Output all of the data below without changing a word, and exclude the pictures.

■ **DATA BELOW**
*** Begin section ***

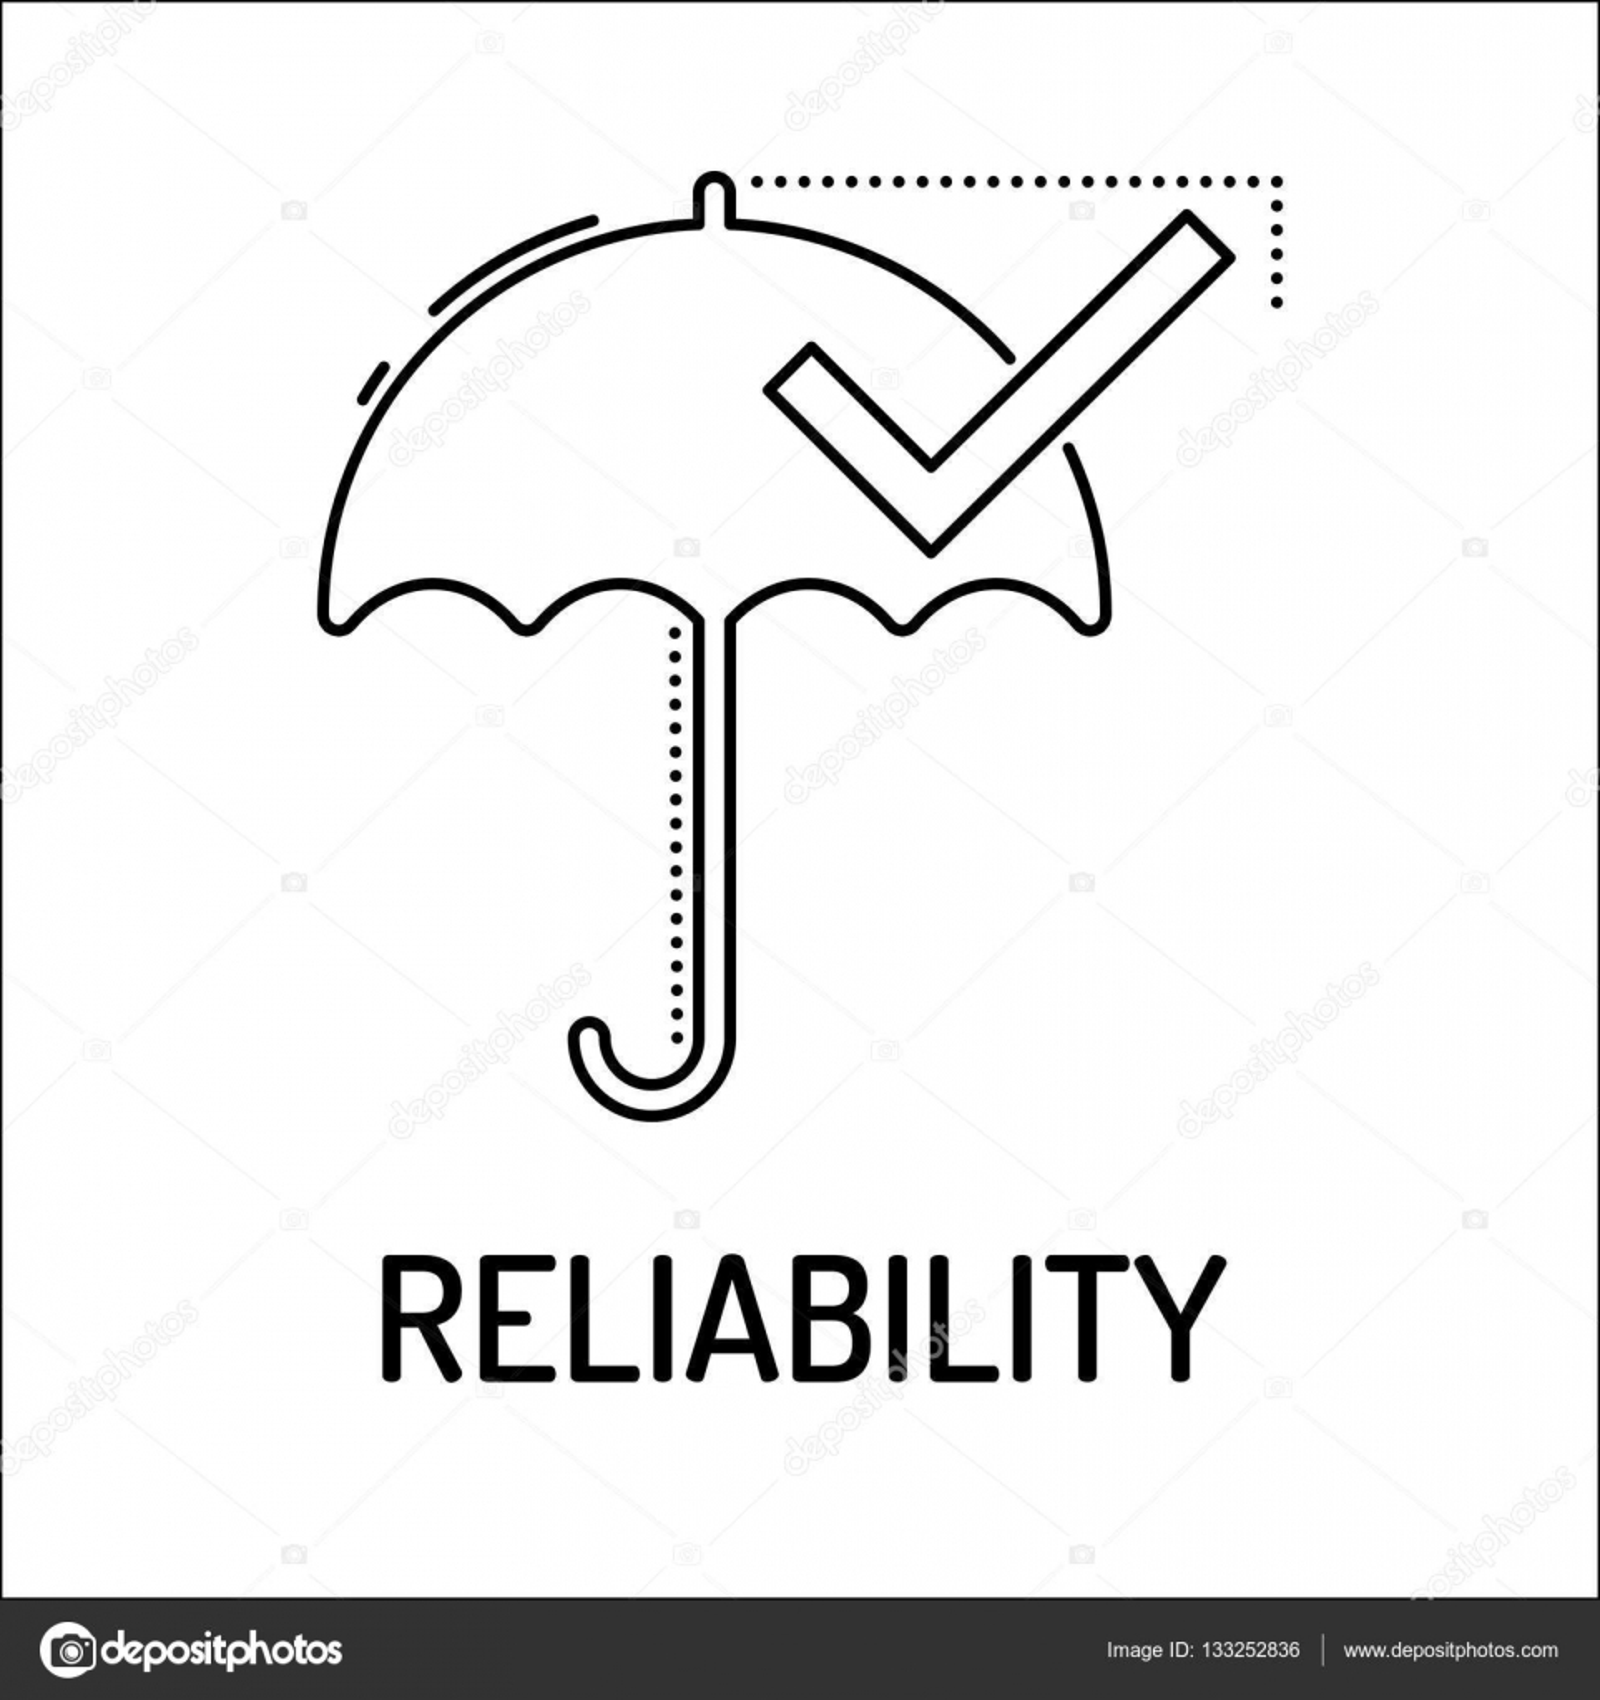 RELIABILITY Line icon — Stock Vector © garagestock #133252836
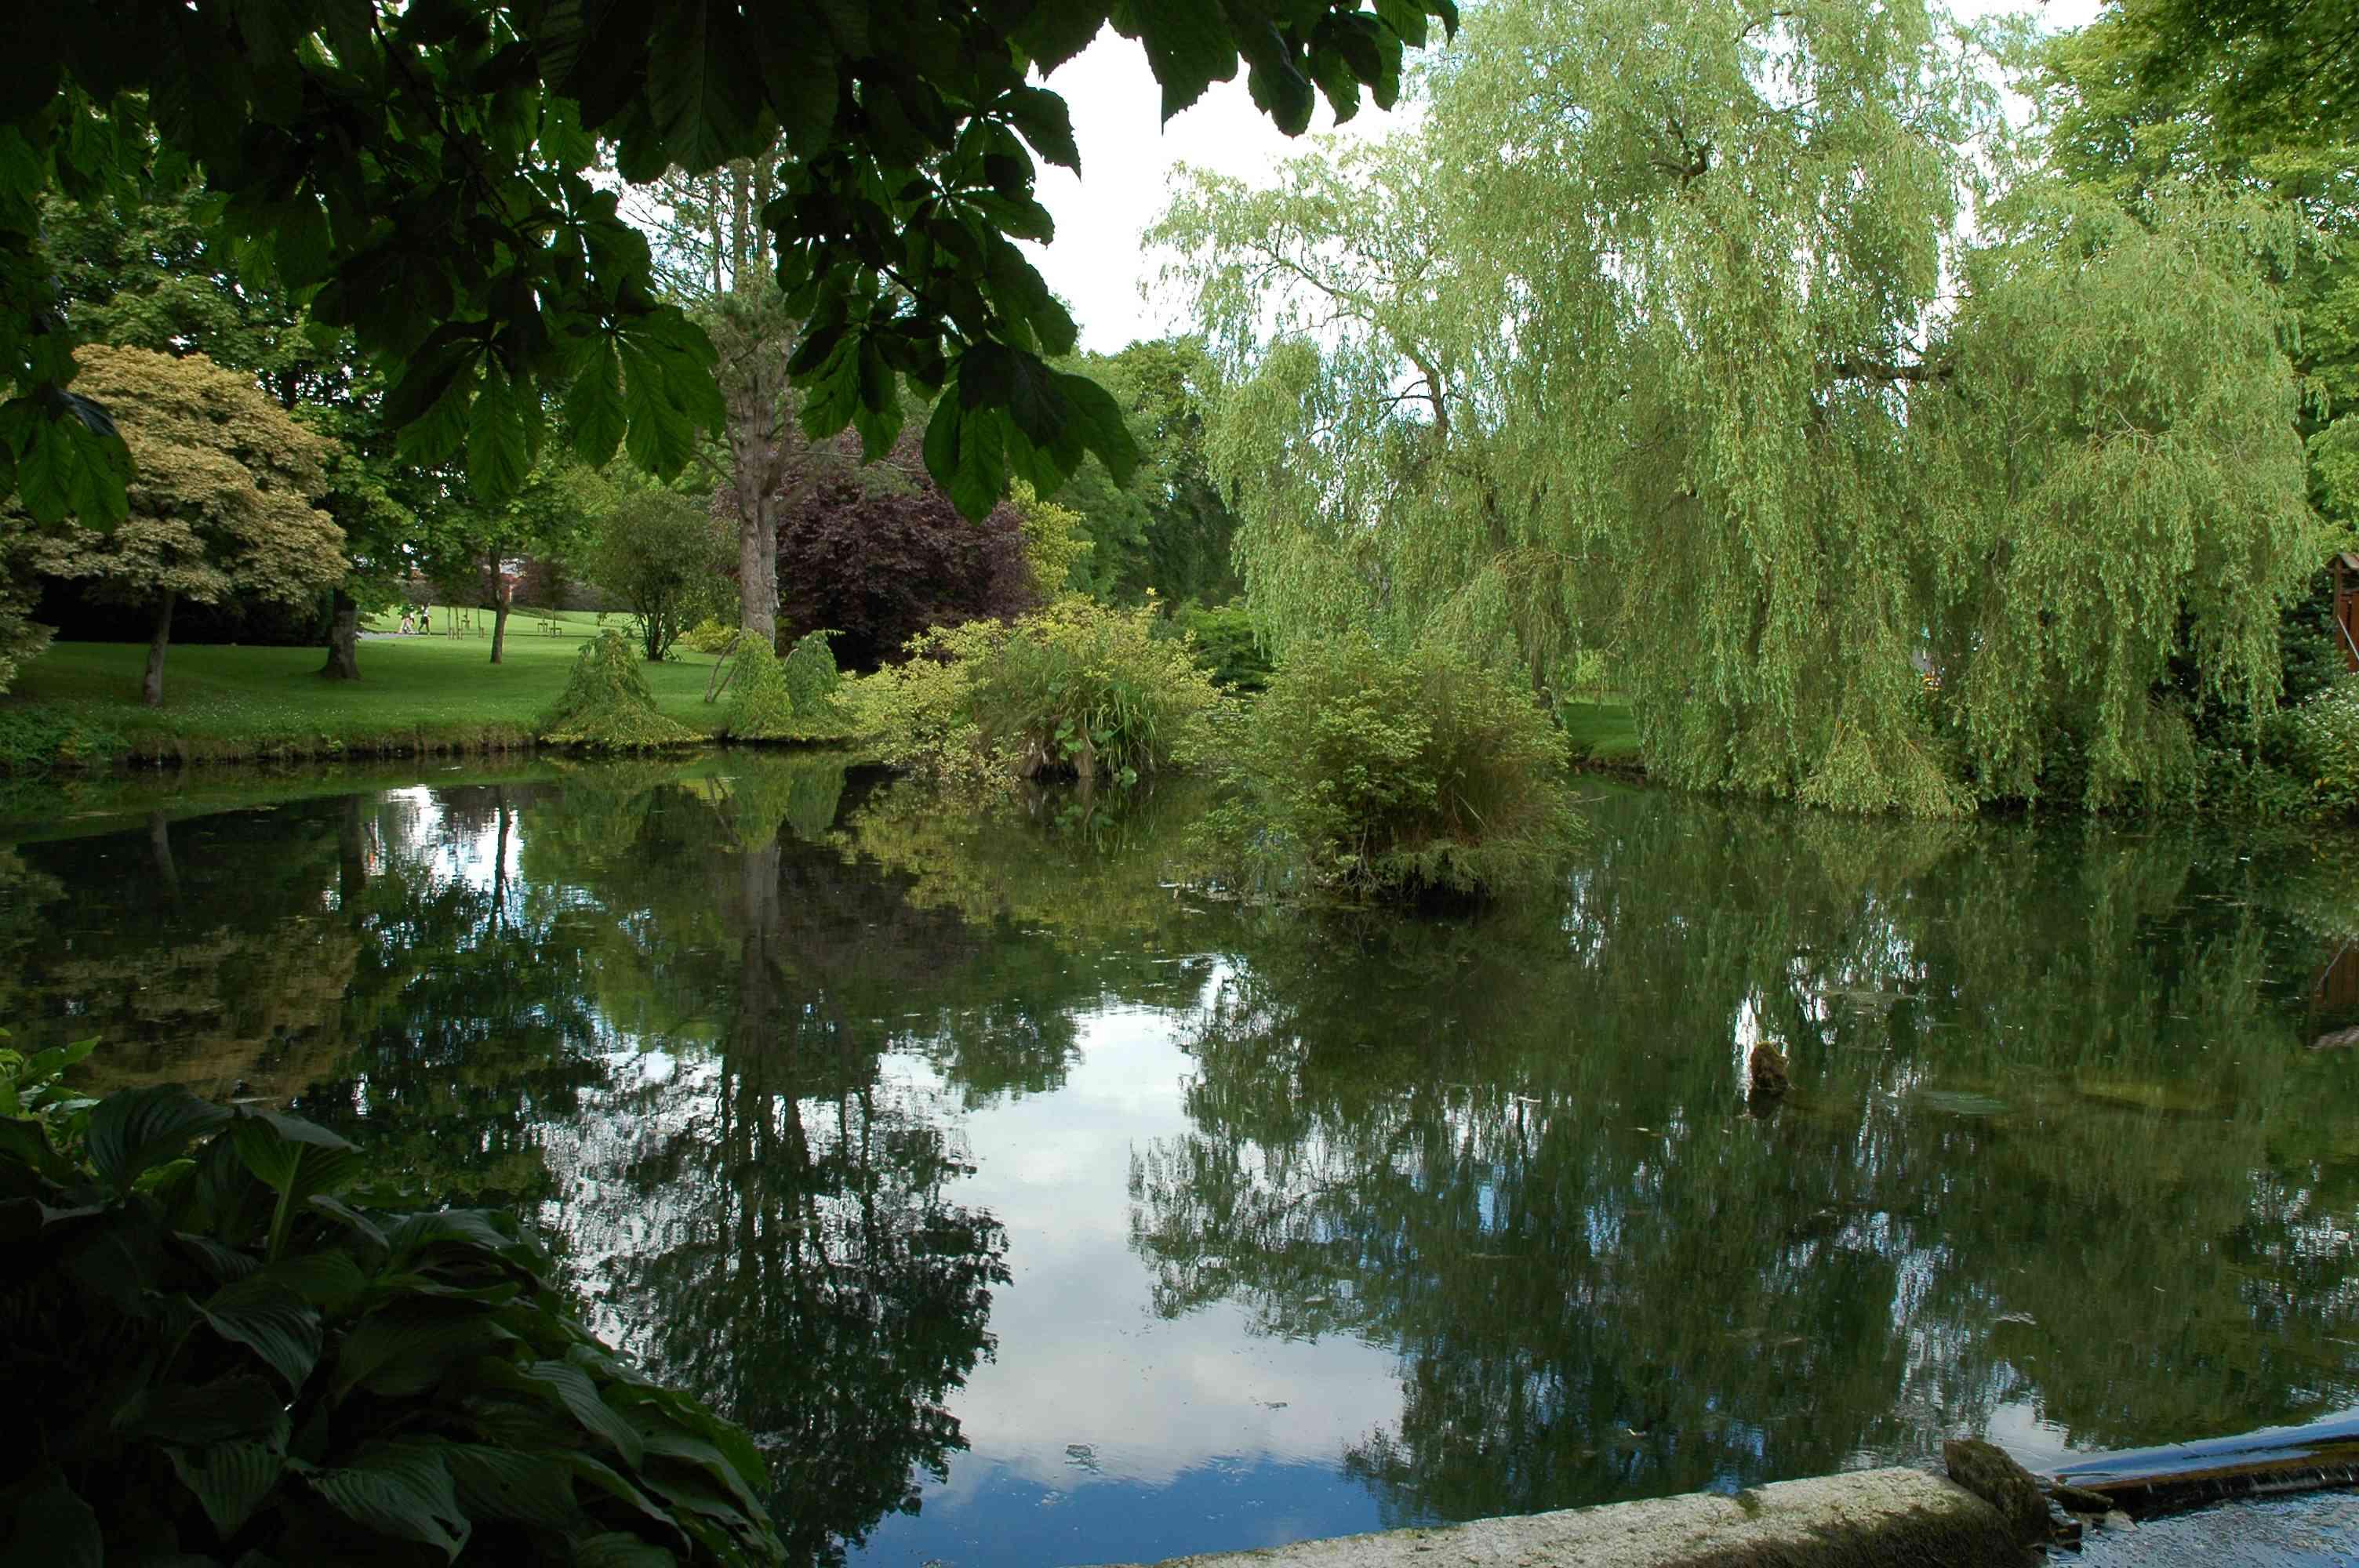 The Irish National Stud and Japanese Gardens
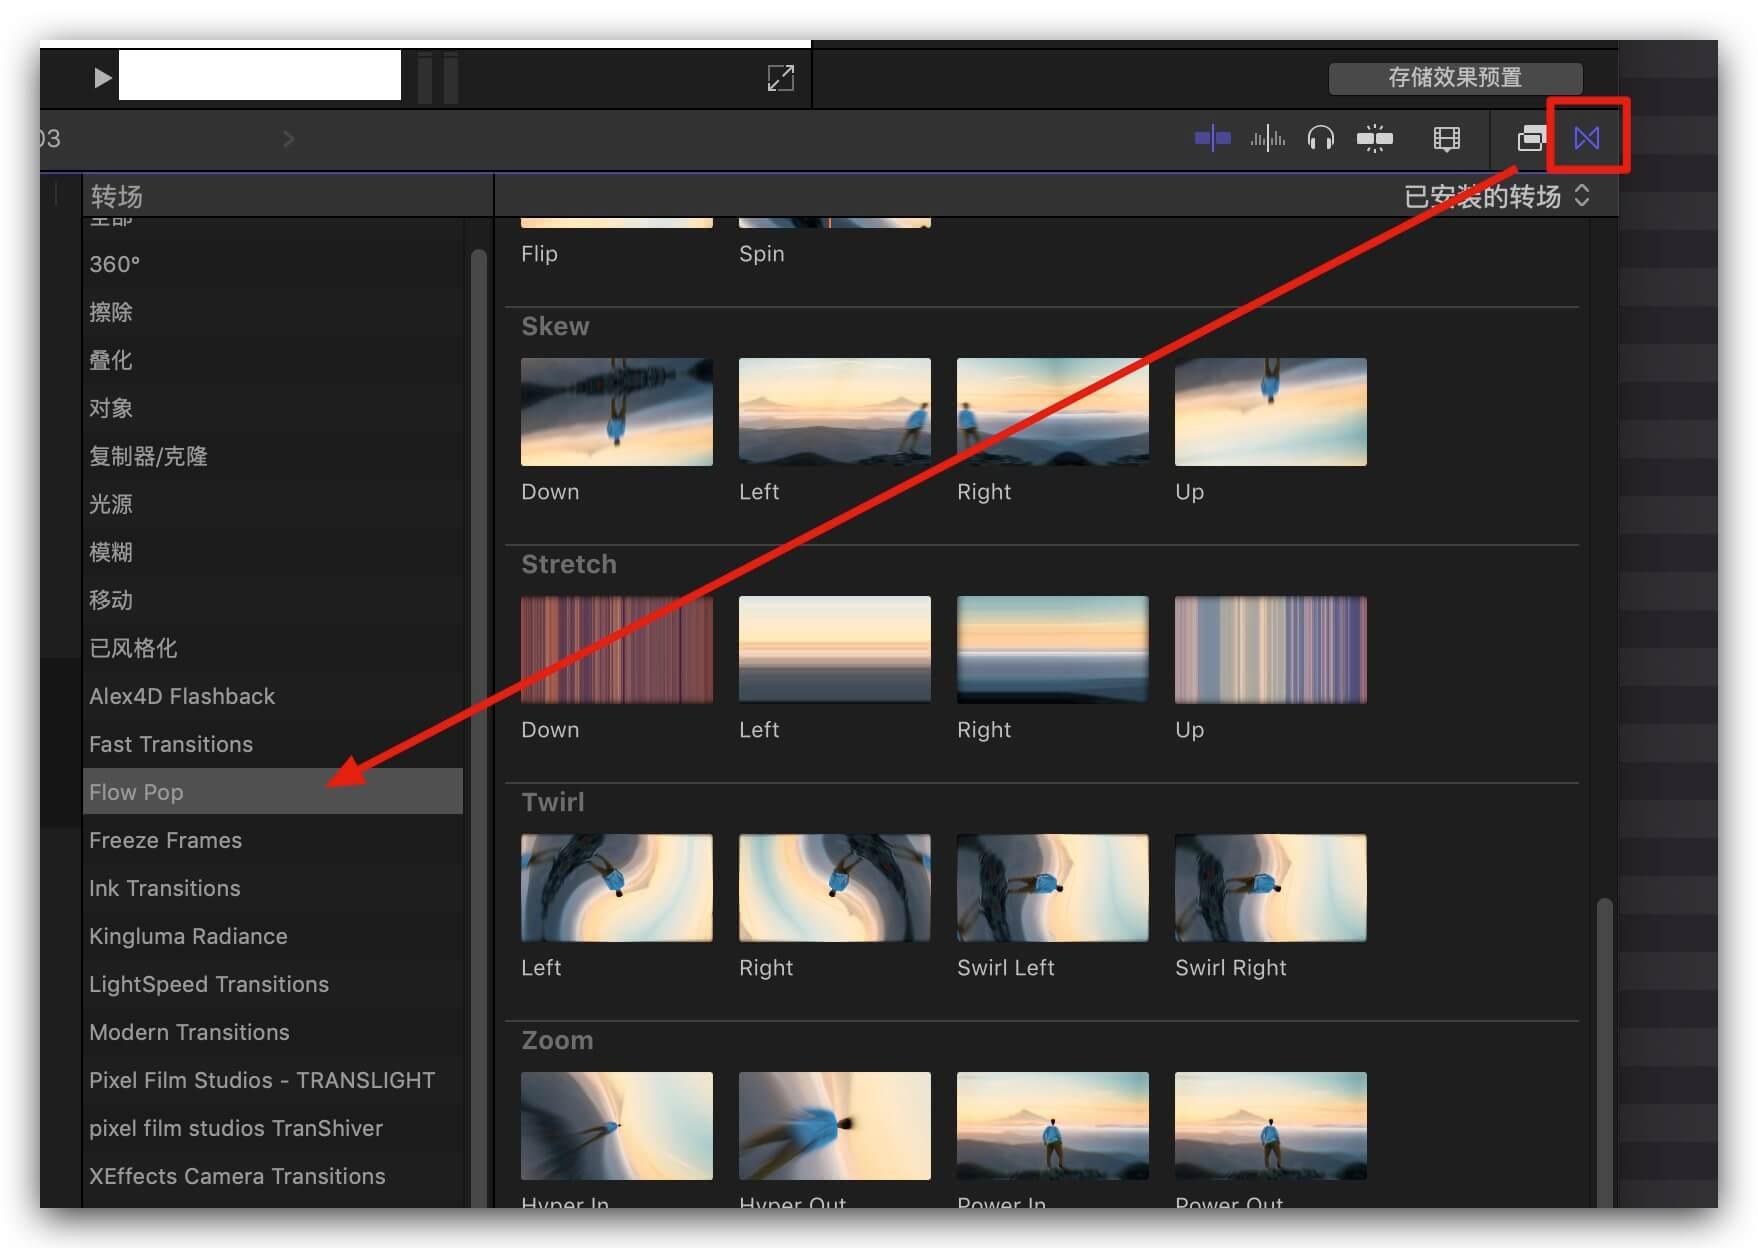 Fcpx转场插件 48组镜头弹跳平滑鱼眼干扰透视旋转缩放全景效果过渡 Flow Pop

*** End section ***

■ **TASK SOLUTION**
 RELIABILITY Line icon — Stock Vector © garagestock #133252836
 The Irish National Stud and Japanese Gardens
 Fcpx转场插件 48组镜头弹跳平滑鱼眼干扰透视旋转缩放全景效果过渡 Flow Pop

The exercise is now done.